===== THE DATA
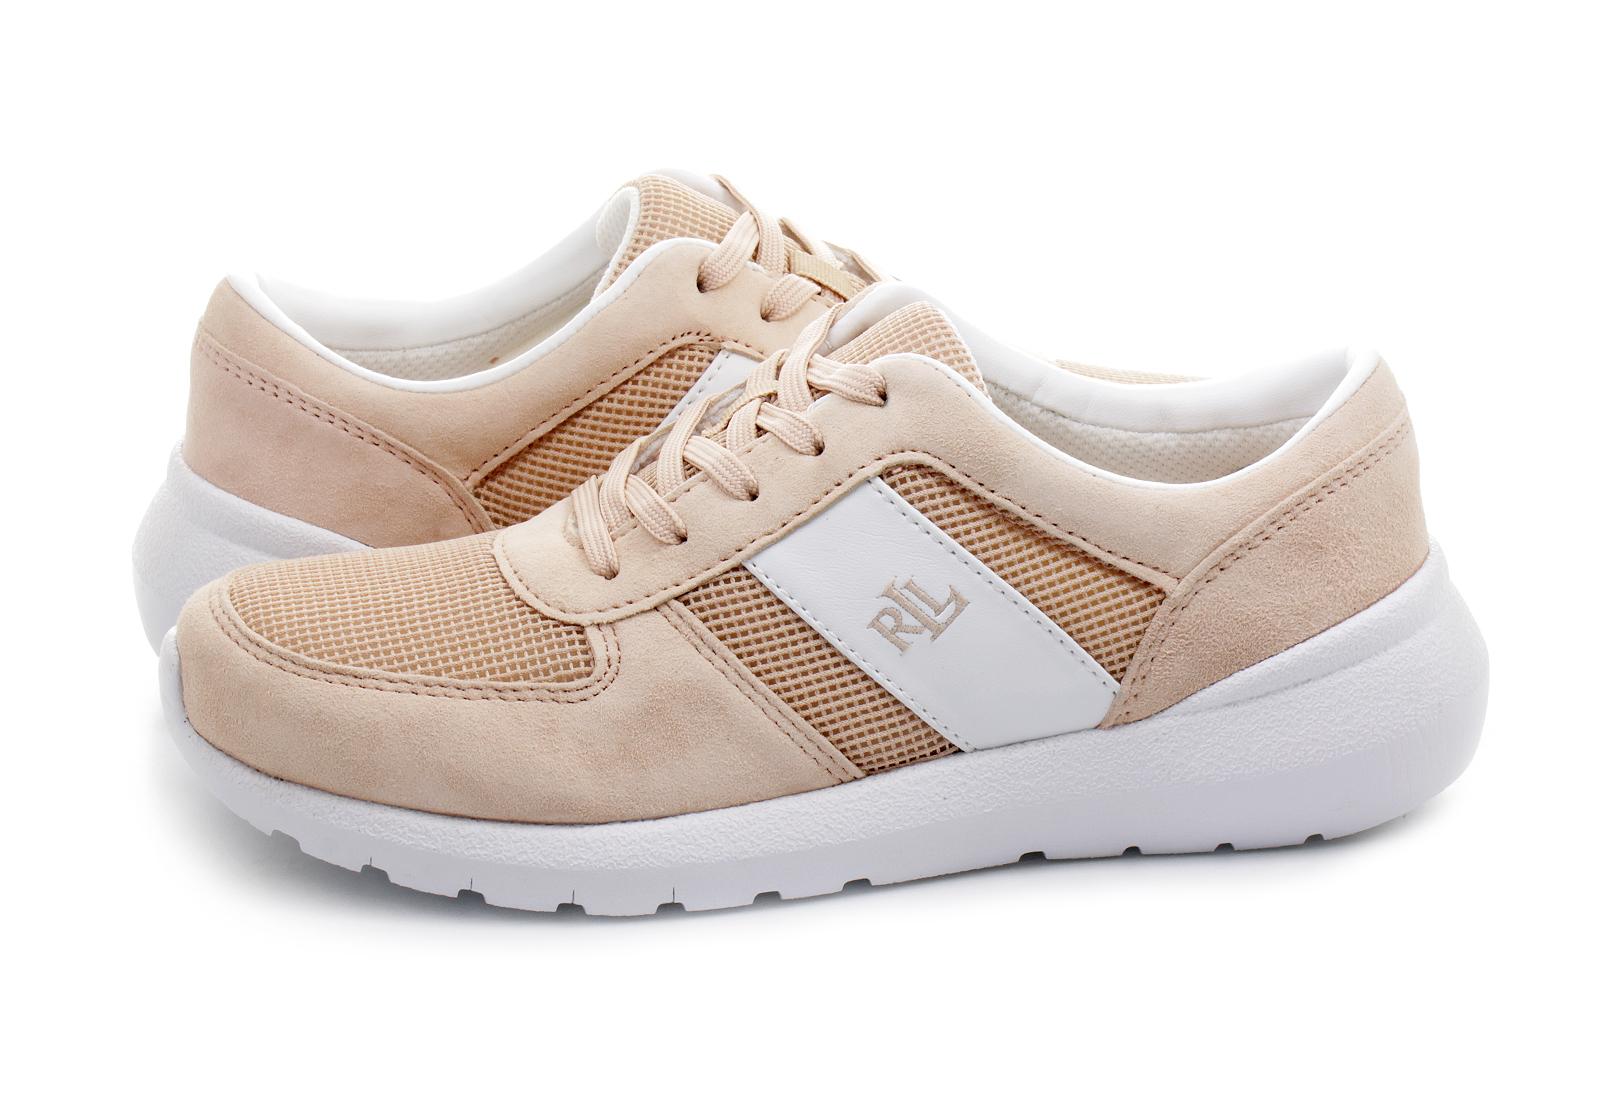 Polo Ralph Lauren Cipő - Jay - 802641767003 - Office Shoes Magyarország f3210e385e
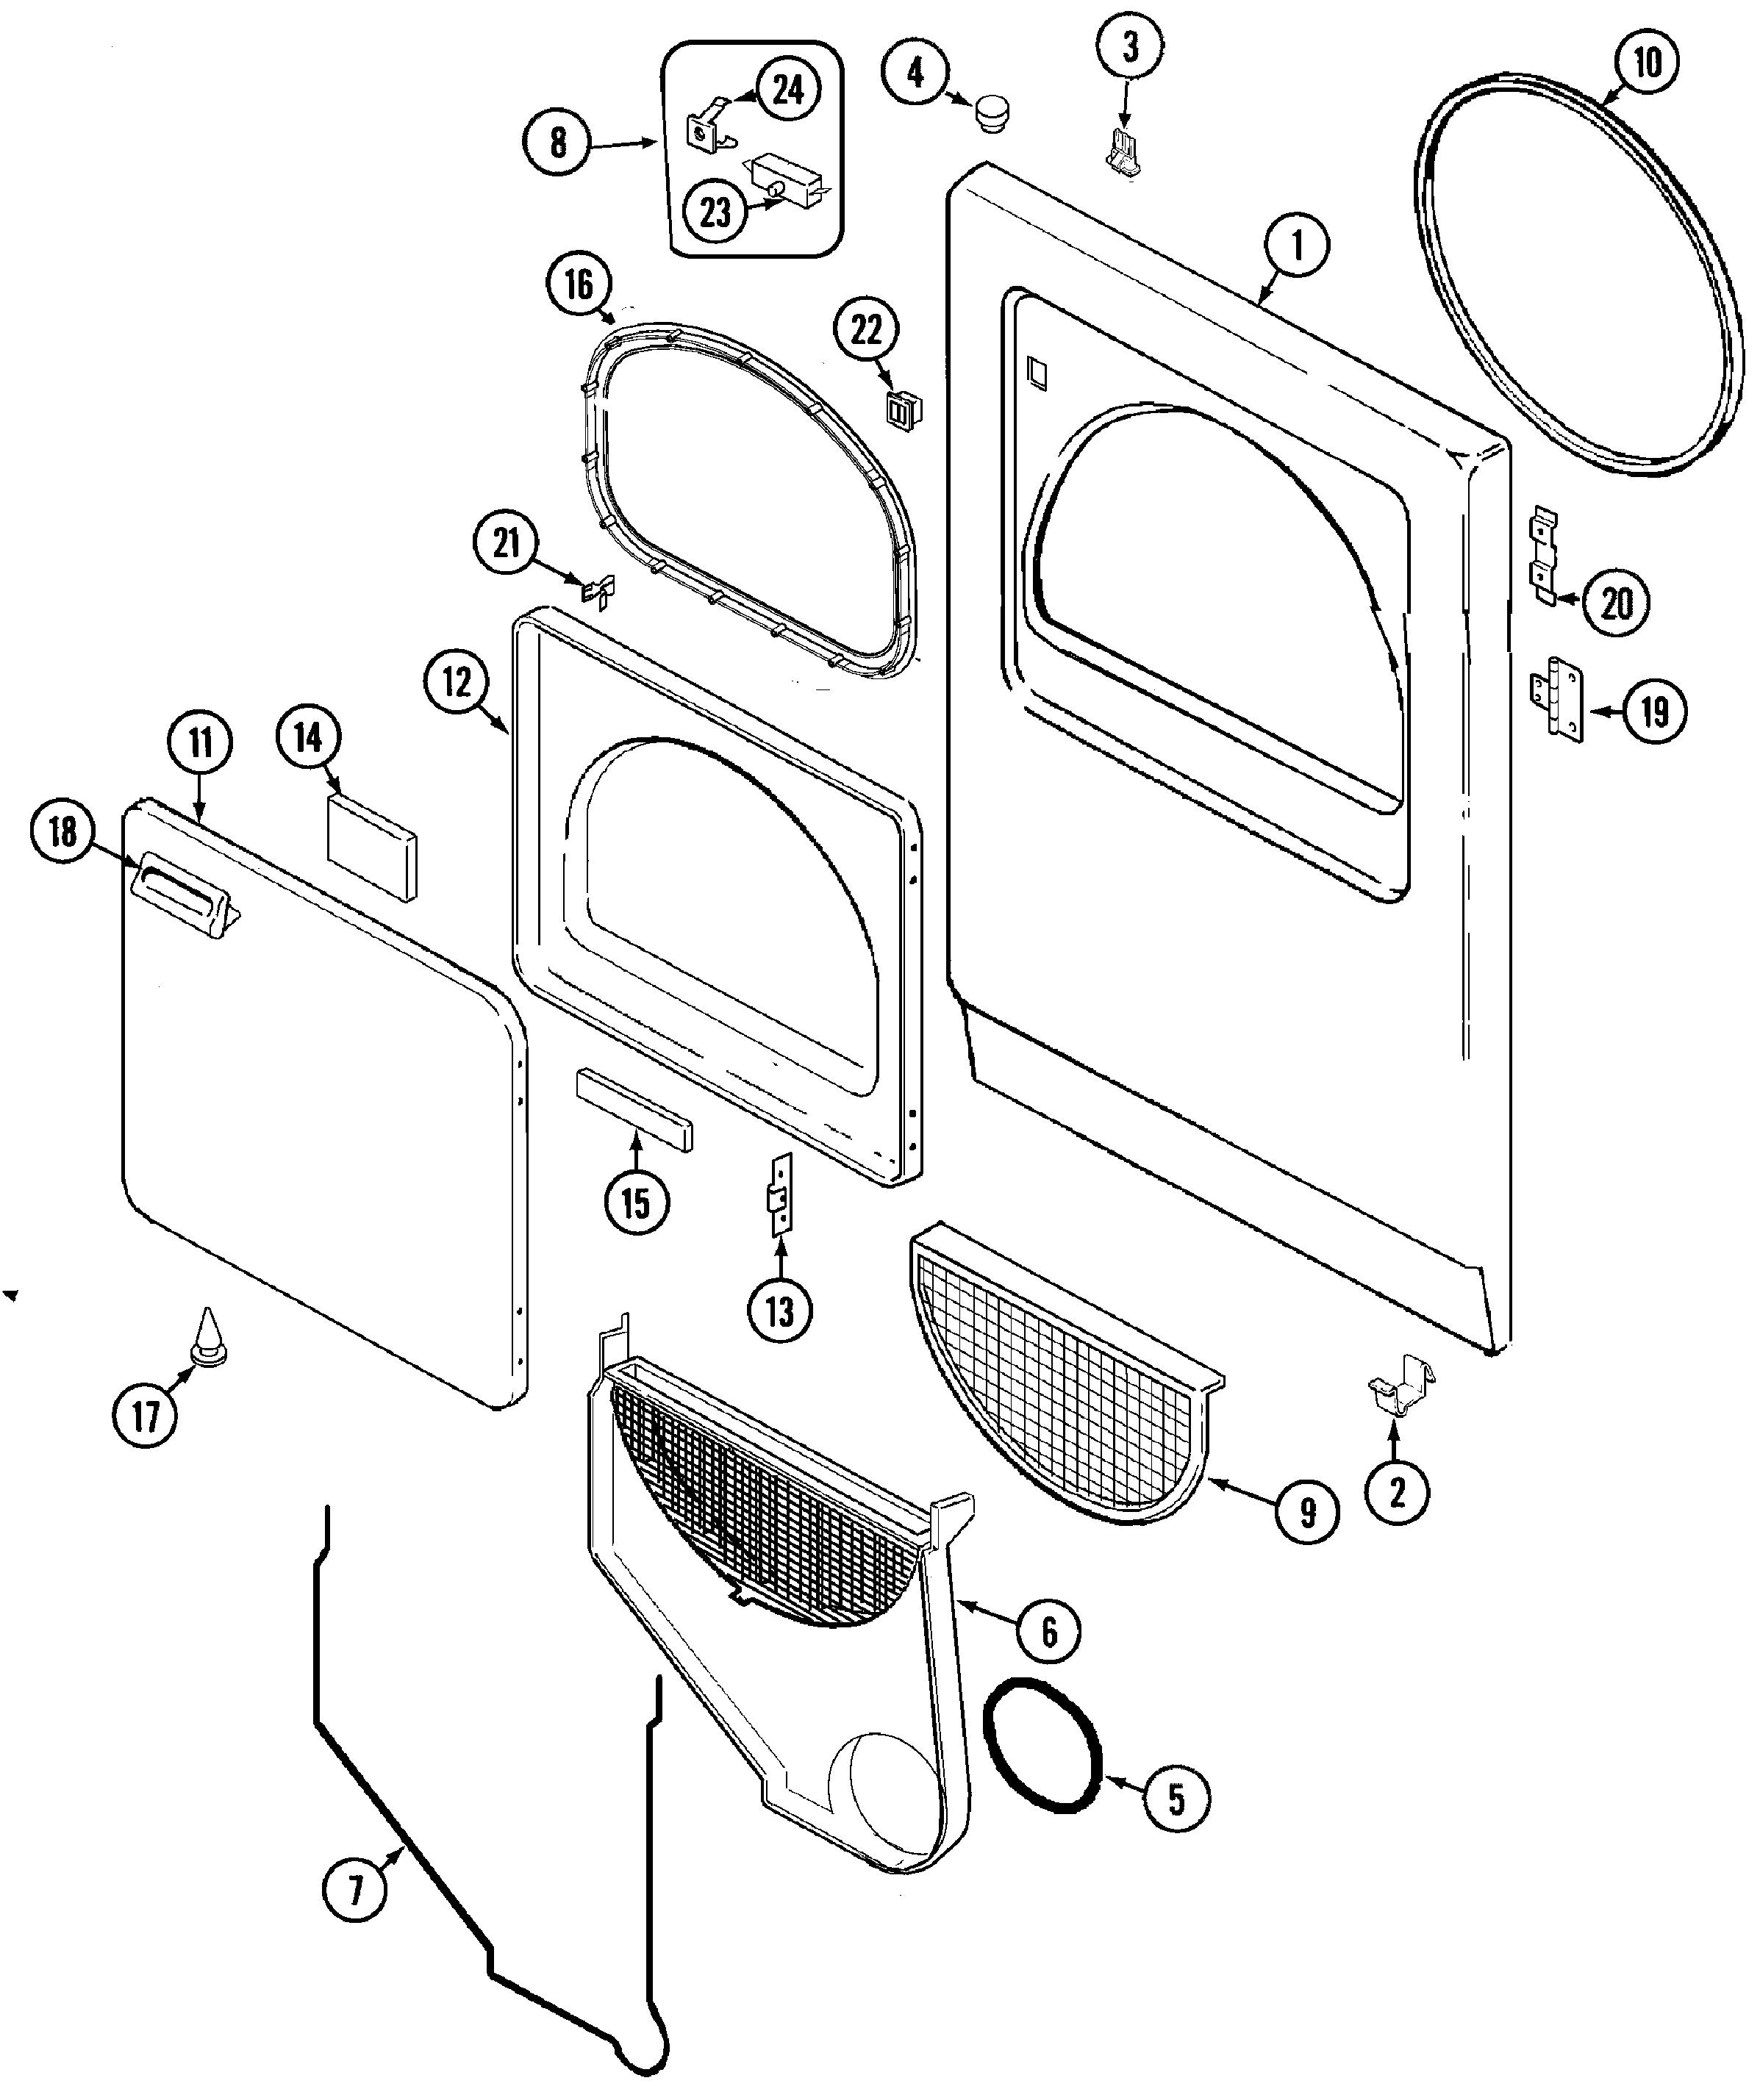 admiral dryer wiring diagram Download-Admiral Dryer Parts Diagram 19-e
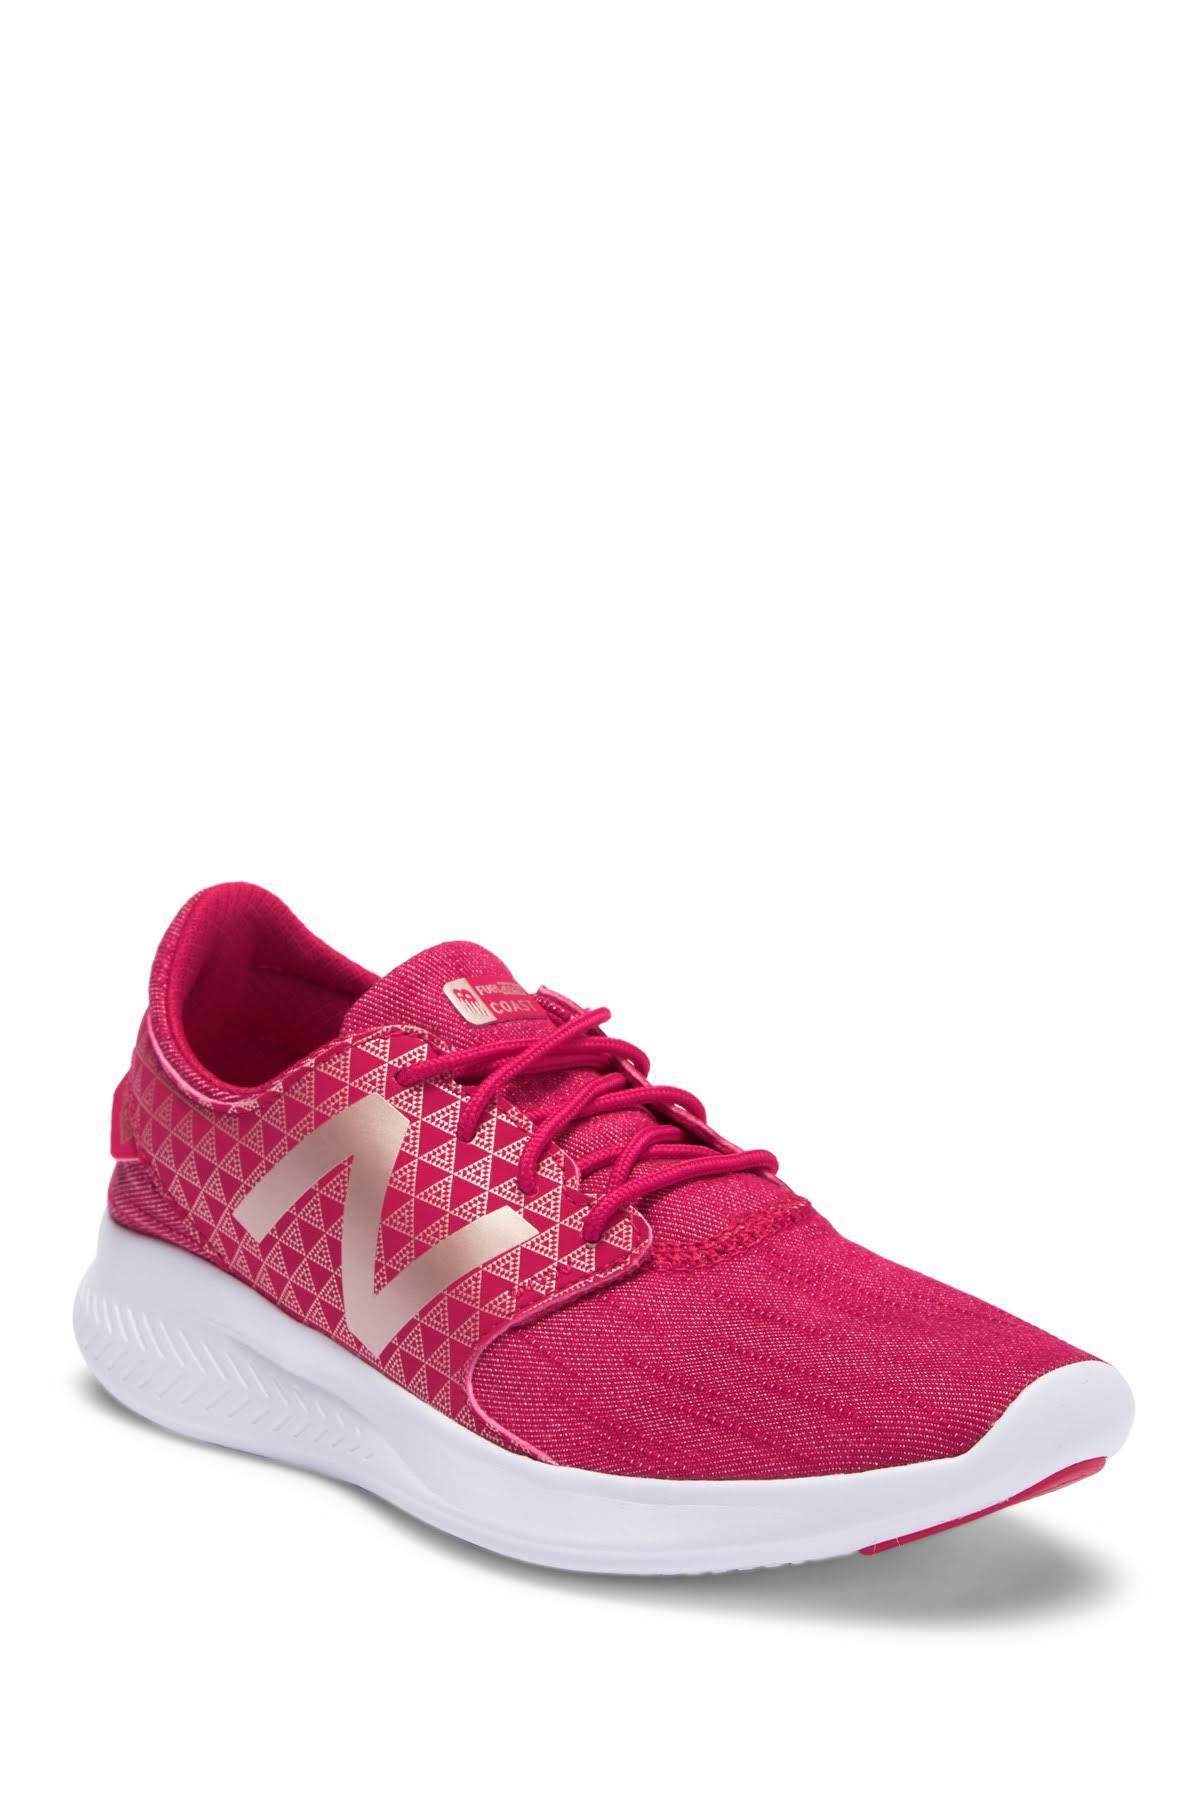 Escolar Metallic Calzado Balance Pink Magnetic Cstv3 New Shoes wAzxqAvd
==========
WORK ORDER: Reproduce the data exactly as it appears above. Pictures are to be left out.

SOLUTION TO THIS TASK:
 Polo Ralph Lauren Cipő - Jay - 802641767003 - Office Shoes Magyarország f3210e385e
 admiral dryer wiring diagram Download-Admiral Dryer Parts Diagram 19-e
 Escolar Metallic Calzado Balance Pink Magnetic Cstv3 New Shoes wAzxqAvd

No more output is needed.